— Да.

— Конфиденциально?

— Разумеется.

— Я не хочу, чтобы кто-то считал моего сына убийцей, — сказала она. — И не хочу, чтобы кто-нибудь другой узнал обо всем этом. Никто не понял бы, как его использовали заговорщики, как играли на его чувствах совершенно чуждые ему, бессовестные и алчные люди…

— Я сотру их в порошок!

Я вышел от Элизабет. На улице ярко сияло солнце, и Грэмерси Парк был наполнен щебетанием птиц.

Я направился домой.

Вернувшись к себе, я через пару часов швырнул в мусорное ведро пустую бутылку из-под виски, закурил сигарету и позвонил по телефону своим братьям.


Едва переступив через порог моей квартиры, братья тут же устремились к бару, полному бутылок. Они были близнецами, впрочем, не во всем похожими друг на друга, но, глядя на пас троих, никто не усомнился бы в том, что мы братья.

— Вы — первый экземпляр, — грубовато отрезал Пол, когда я заикнулся было о том, что мои братья могли бы работать у него в банке, — а ваши братья — смазанные копни, сделанные под копирку.

То было жестокое определение, но хотя мне очень не хотелось с ним соглашаться, позднее я понял, что Пол был прав, отказывая Люку и Мэтту в своем покровительстве. Эти парни никогда не смогли бы стать инвестиционными банкирами. Люк не чувствовал финансовых тонкостей, у Мэтта недоставало ума, и ни тот, ни другой не любили тяжелой работы. Однако я всегда испытывал глубокую ответственность перед братьями. Поскольку мой отчим стремился к тому, чтобы отношения между нами были просто дружескими, и не претендовал на отцовские права, я по существу был единственным подобием отца для этих мальчиков и со дня смерти отца всегда знал, что отвечаю за все, что с ними происходит. И старался исполнять эту обязанность как можно лучше, но вовсе нелегко играть роль отца, когда тебе всего девять лет, да к тому же, как я уже говорил, у меня были и свои проблемы.

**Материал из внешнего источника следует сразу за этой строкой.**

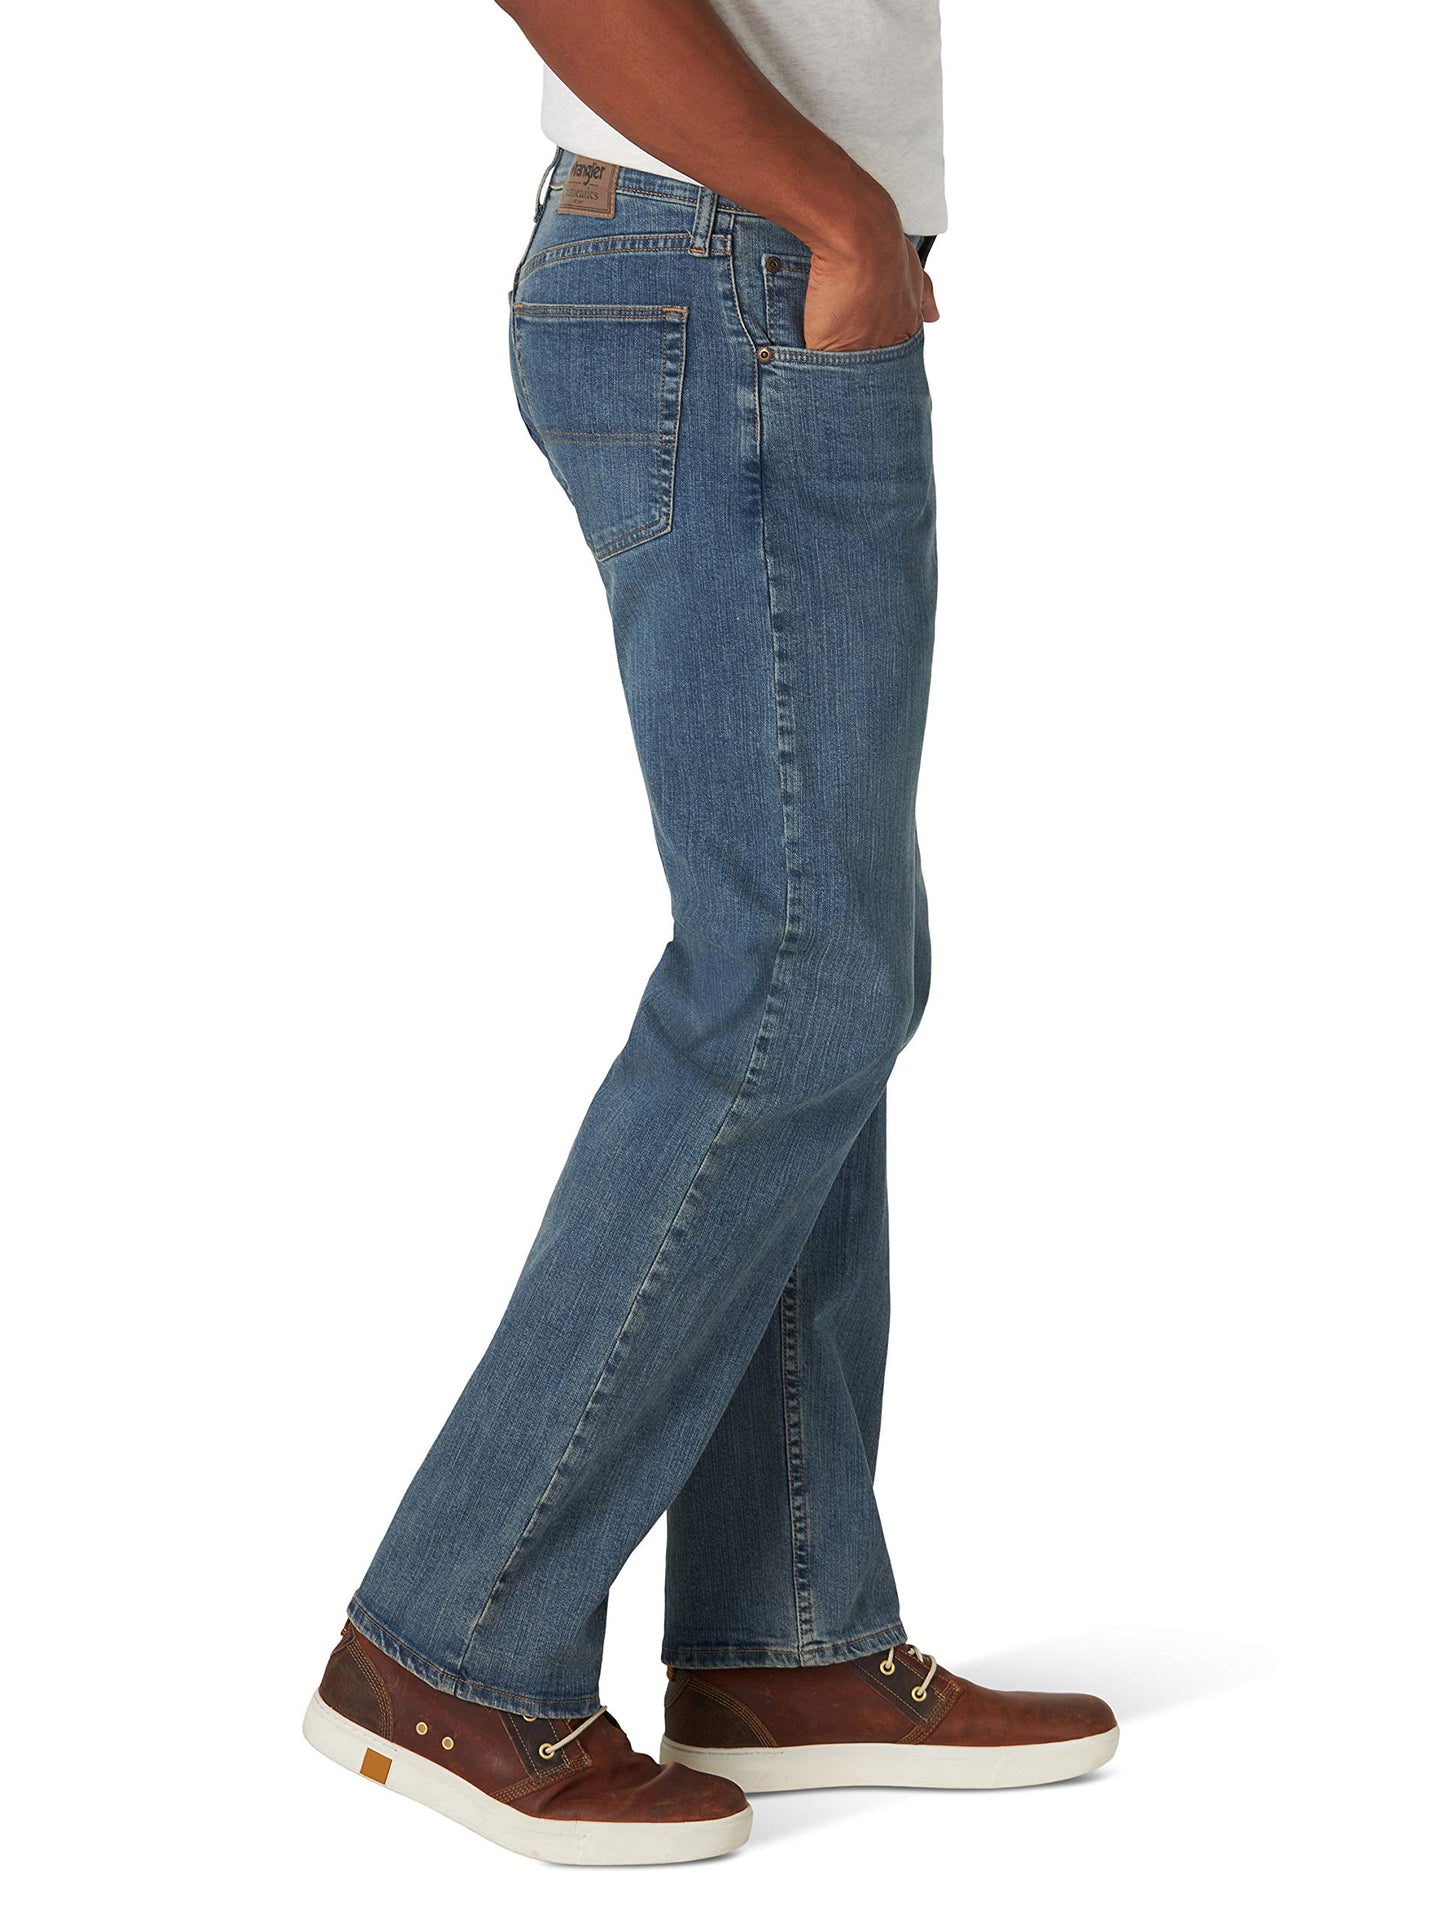 Wrangler Authentics Men's Regular Fit Comfort Flex Waist Jean, Slate, 42W x 32L

Люк был сложившимся человеком. У него были респектабельная жена, прожившая с ним уже десяток лет, престижная работа в качестве партнера в небольшой, но заметной брокерской фирме «Тэннер, Тэйт энд Салливэн», двое прелестных мальчуганов, две машины — «паккард» и «олдсмобил» и дом, которым он, наконец, обзавелся в Уэстчестере. Прошло уже больше года с тех пор, как он попросил меня взять па себя ответственность за его закладные. Его костюмы были хорошо сшиты и отлично сидели на нем, он носил консервативные галстуки, и каждое утро, но пути на работу, читал в поезде «Нью-Йорк Таймс».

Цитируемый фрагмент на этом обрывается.